Что такое ступенчатая регрессия?
Регрессионный анализ является широко используемым статистическим подходом, целью которого является выявление взаимосвязей между переменными. Идея заключается в объединении соответствующих данных для принятия более обоснованных решений и является обычной практикой в мире инвестирования. Пошаговая регрессия - это пошаговое итеративное построение регрессионной модели, которое включает автоматический выбор независимых переменных. Доступность пакетов статистического программного обеспечения делает возможной ступенчатую регрессию даже в моделях с сотнями переменных.

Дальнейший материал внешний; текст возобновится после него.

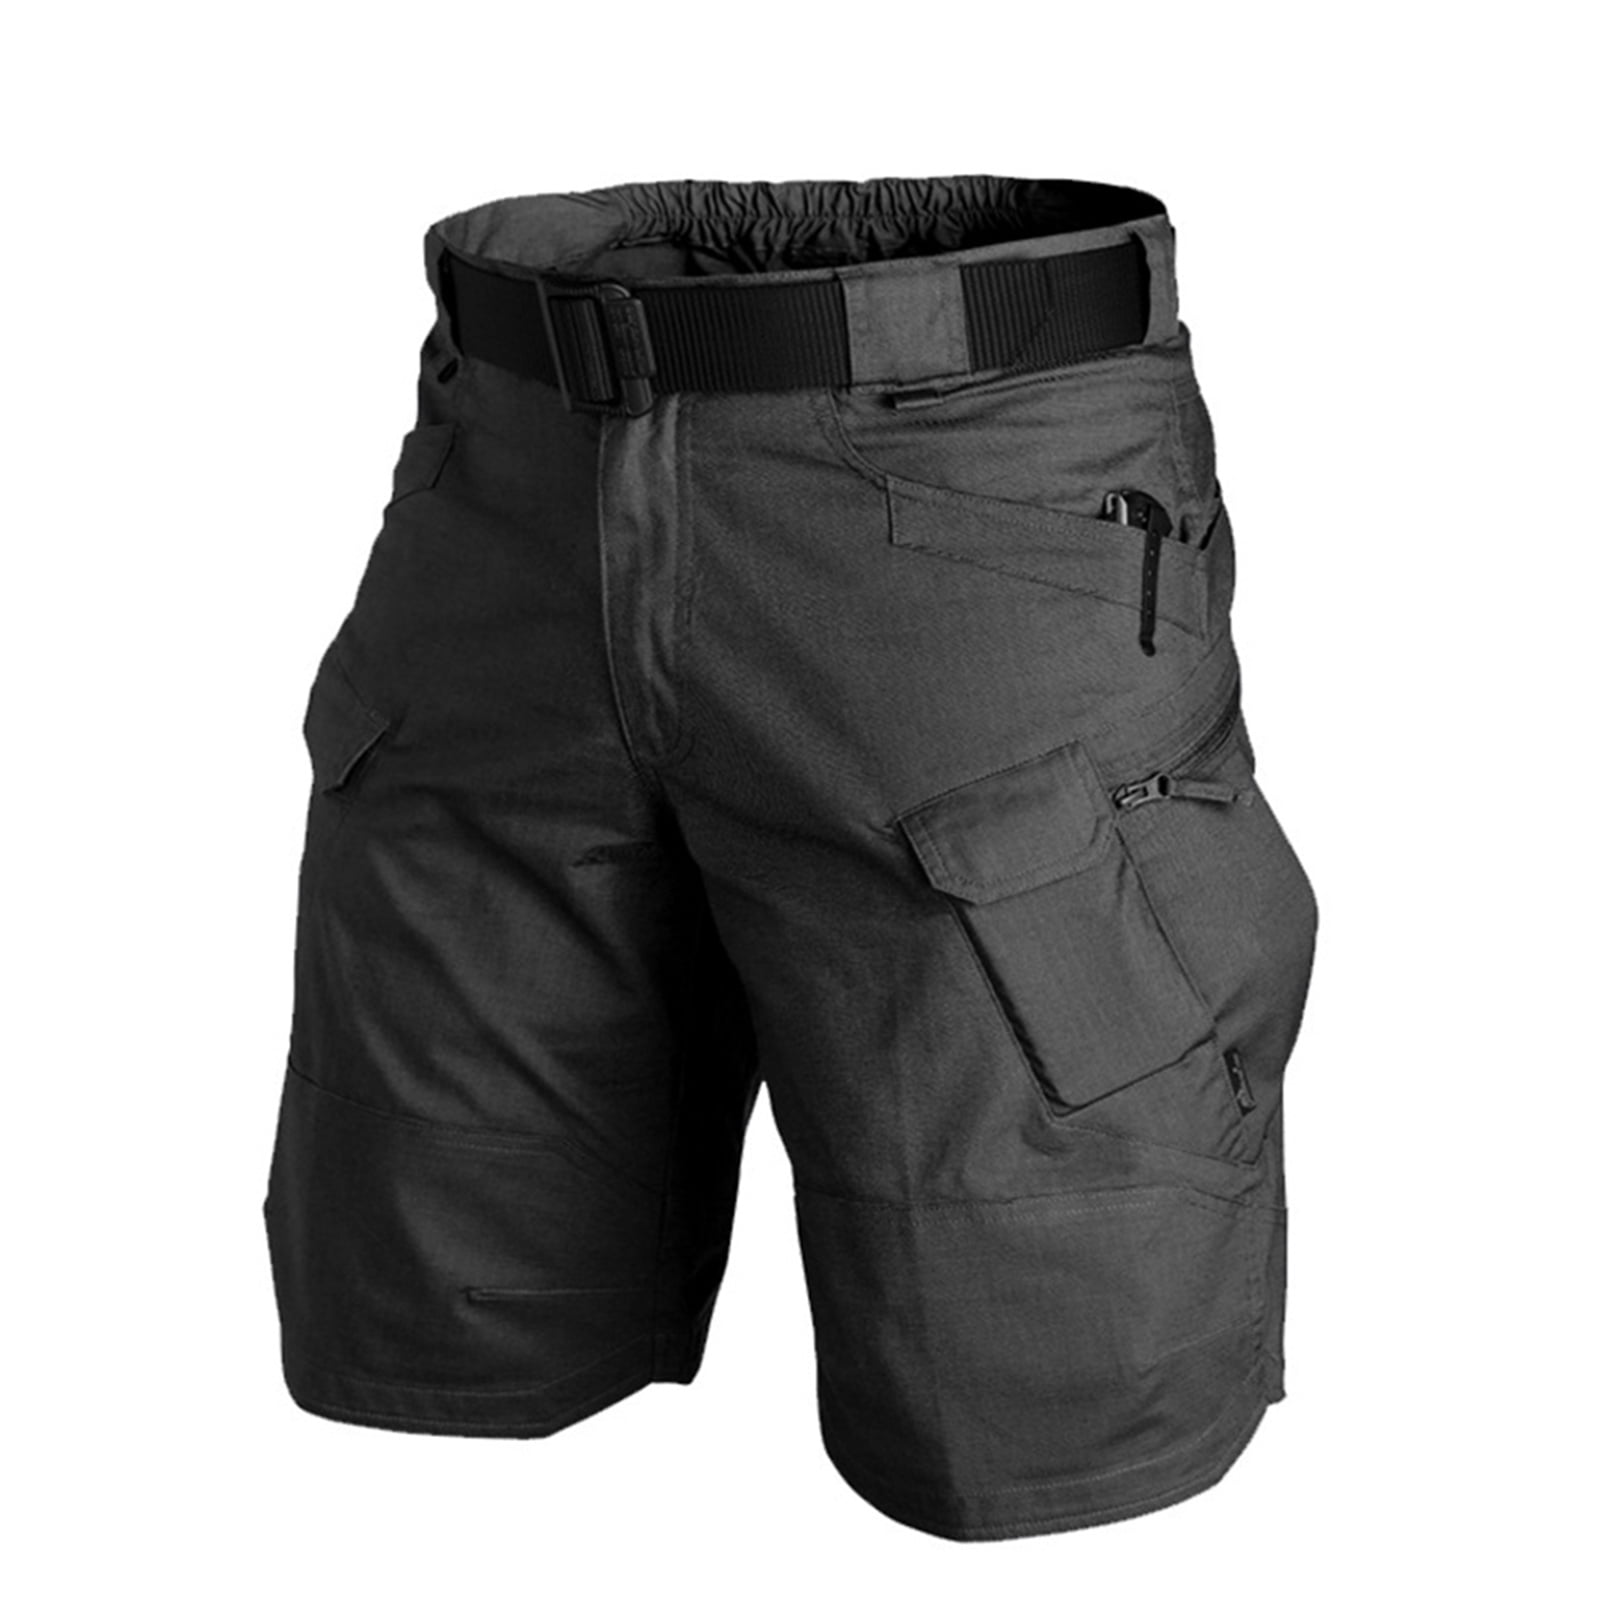 Notime Men Urban Tactical Military Cargo Shorts Cotton Outdoor Camo

Типы ступенчатой регрессии
Основная цель ступенчатой регрессии состоит в том, чтобы с помощью серии тестов (F-тесты, t-тесты) найти набор независимых переменных, которые значительно влияют на зависимую переменную. Это делается с помощью компьютеров посредством итерации, которая представляет собой процесс получения результатов или решений путем повторяющихся циклов или циклов анализа. Автоматическое проведение тестов с помощью статистических пакетов программного обеспечения позволяет сэкономить время для человека.
Ключевые вынос
- Регрессионный анализ - это статистический подход, который стремится понять и измерить отношения между независимыми и зависимыми переменными. Пошаговая регрессия - это метод, который проверяет статистическую значимость каждой независимой переменной в модели. Подход прямого выбора добавляет переменную, а затем проверяет статистическую значимость. Метод обратного исключения начинается с модели, загруженной многими переменными, а затем удаляет одну переменную для проверки ее важности по отношению к общим результатам. Пошаговая регрессия имеет много критиков, поскольку именно такой подход позволяет вписать данные в модель для достижения желаемого результата.
Пошаговая регрессия может быть достигнута либо путем опробования одной независимой переменной за раз и включения ее в модель регрессии, если она статистически значима, либо путем включения всех потенциальных независимых переменных в модель и исключения тех, которые не являются статистически значимыми. Некоторые используют комбинацию обоих методов, и поэтому существует три подхода к ступенчатой регрессии:
- Прямой выбор начинается с отсутствия переменных в модели, проверяет каждую переменную по мере ее добавления в модель, затем сохраняет те из них, которые считаются наиболее статистически значимыми, - повторяя процесс до тех пор, пока результаты не станут оптимальными. Исключение из обратной последовательности начинается с набора независимых переменных, удаляя по одному, затем проверяя, является ли удаленная переменная статистически значимой. Двунаправленное исключение - это комбинация первых двух методов, которая проверяет, какие переменные должны быть включены или исключены.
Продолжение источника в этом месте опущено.